(THE PROBLEM): Repeat all of the data word for word so that only the pictures are missing from the copy.

Top of INPUT DATA

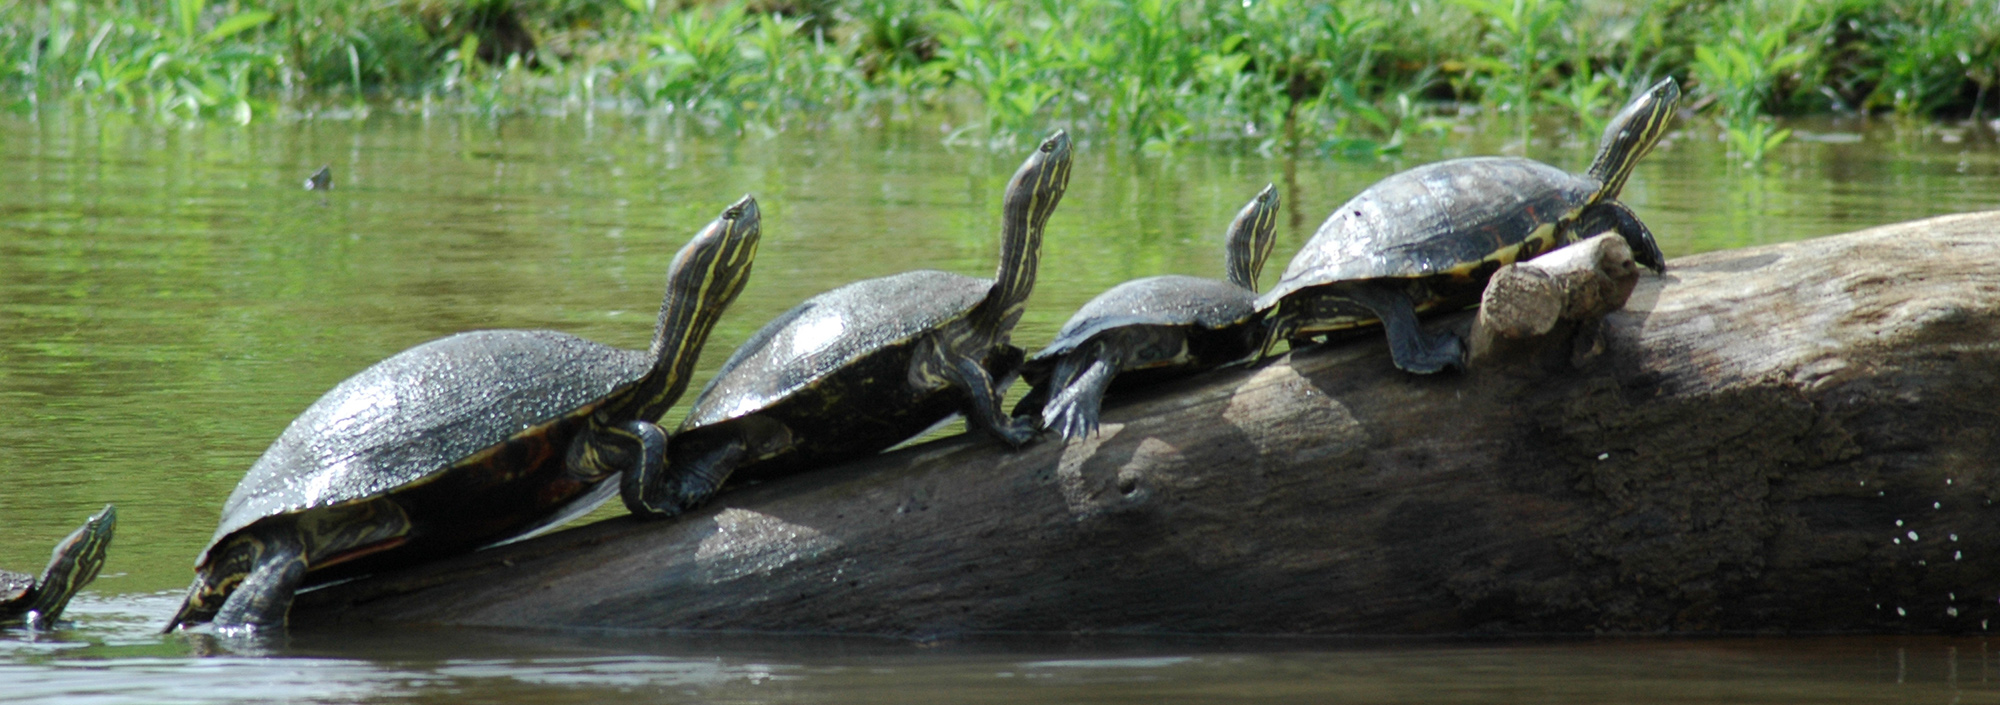 Wasserschildkröten auf einem Stamm am Fluss in Costa Rica
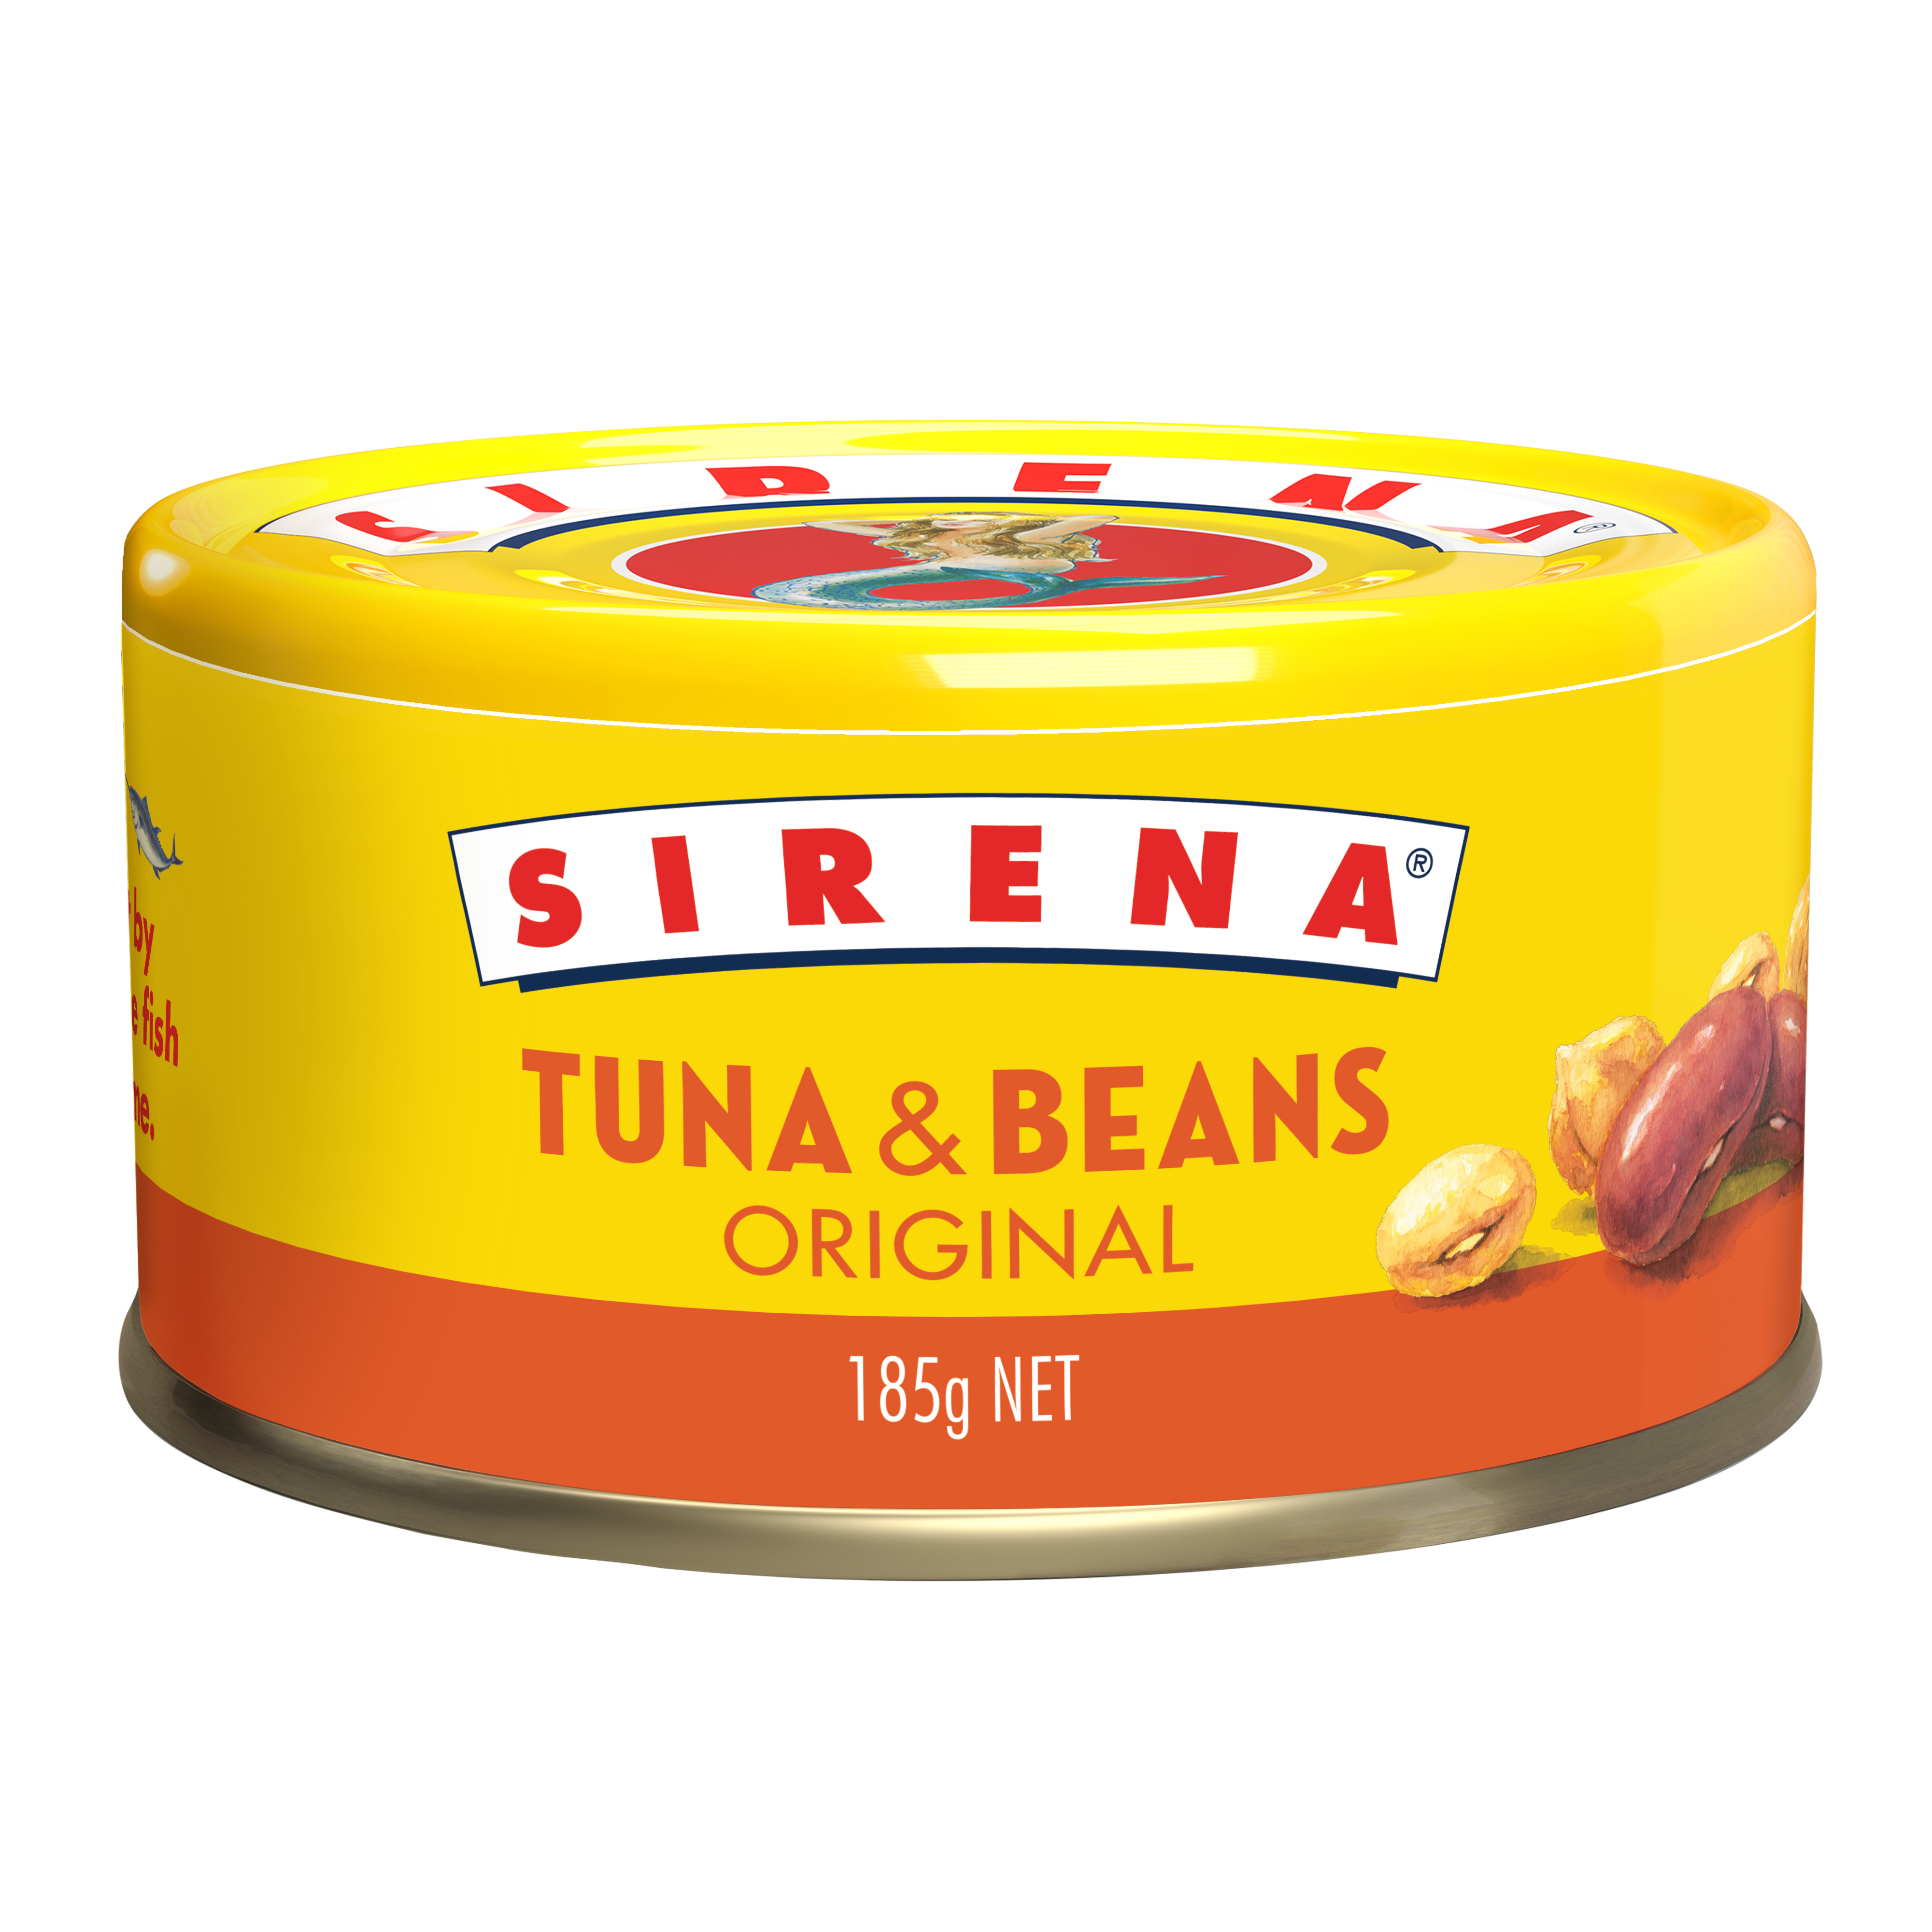 Sirena Tuna & Beans 185g Image
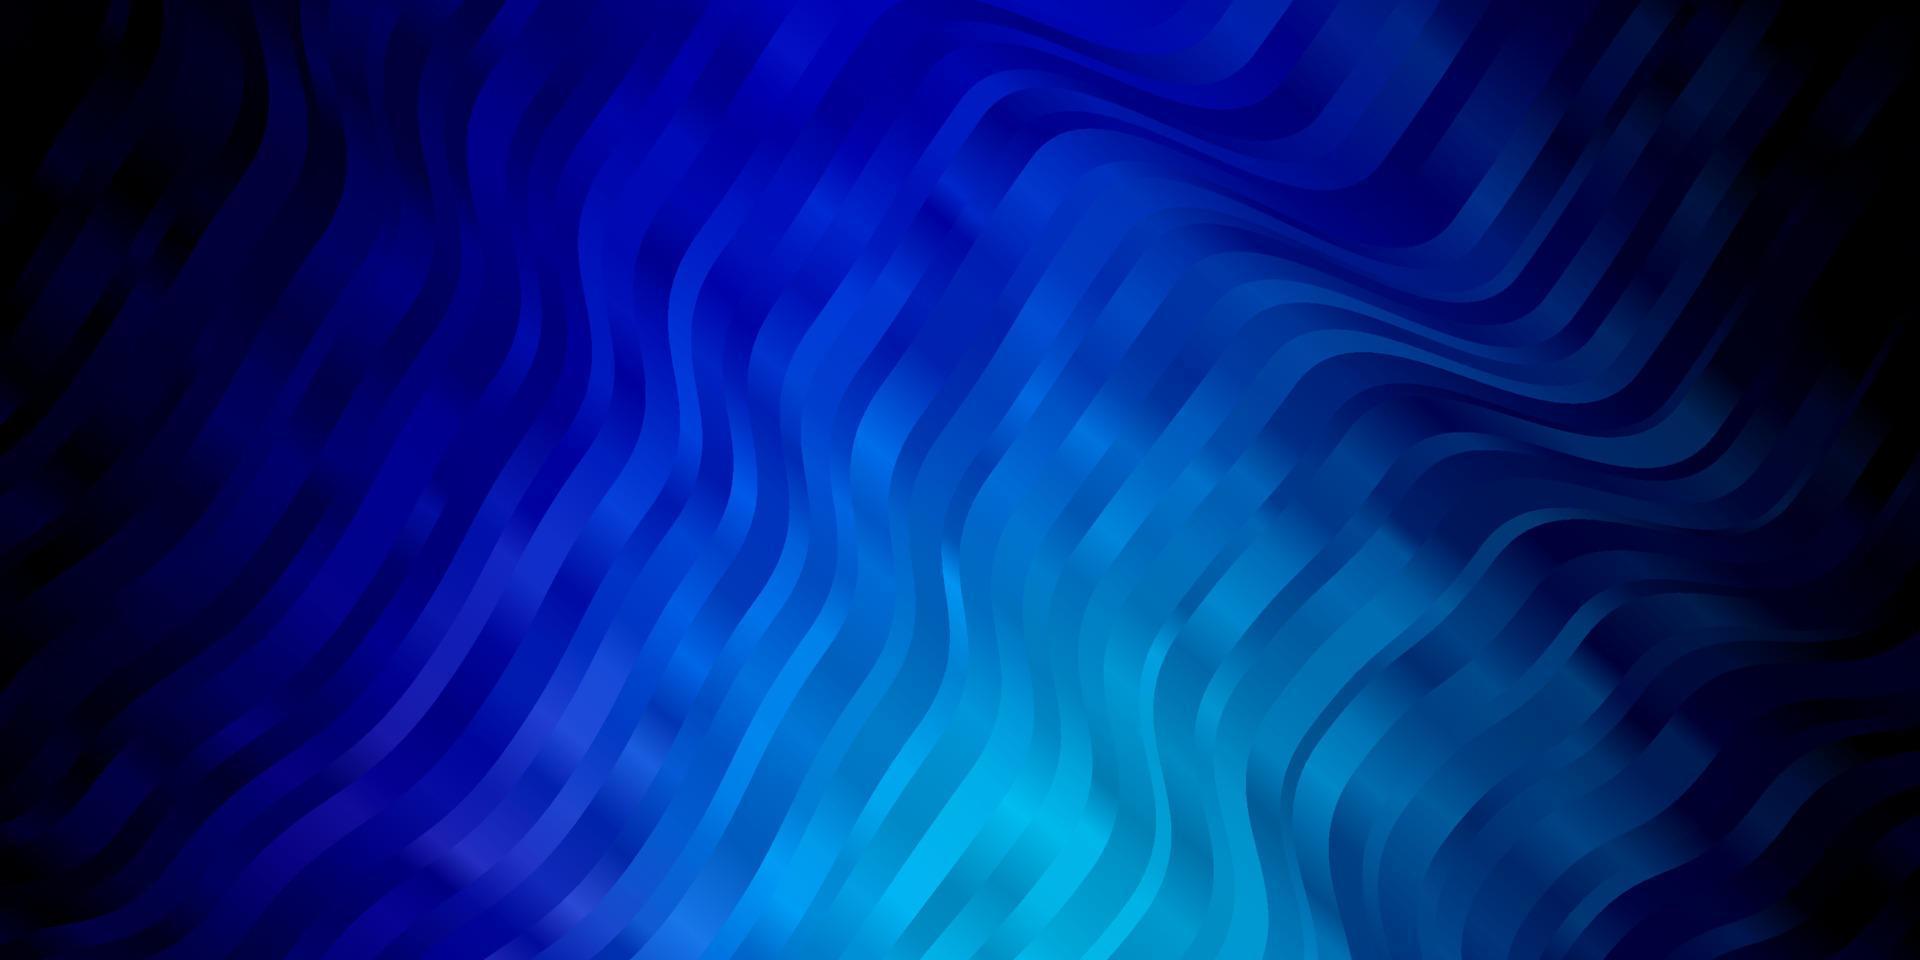 donkerroze, blauwe vector sjabloon met wrange lijnen.

Bottom of INPUT DATA

(RESULT):
 Wasserschildkröten auf einem Stamm am Fluss in Costa Rica
 Sirena Tuna & Beans 185g Image
 donkerroze, blauwe vector sjabloon met wrange lijnen.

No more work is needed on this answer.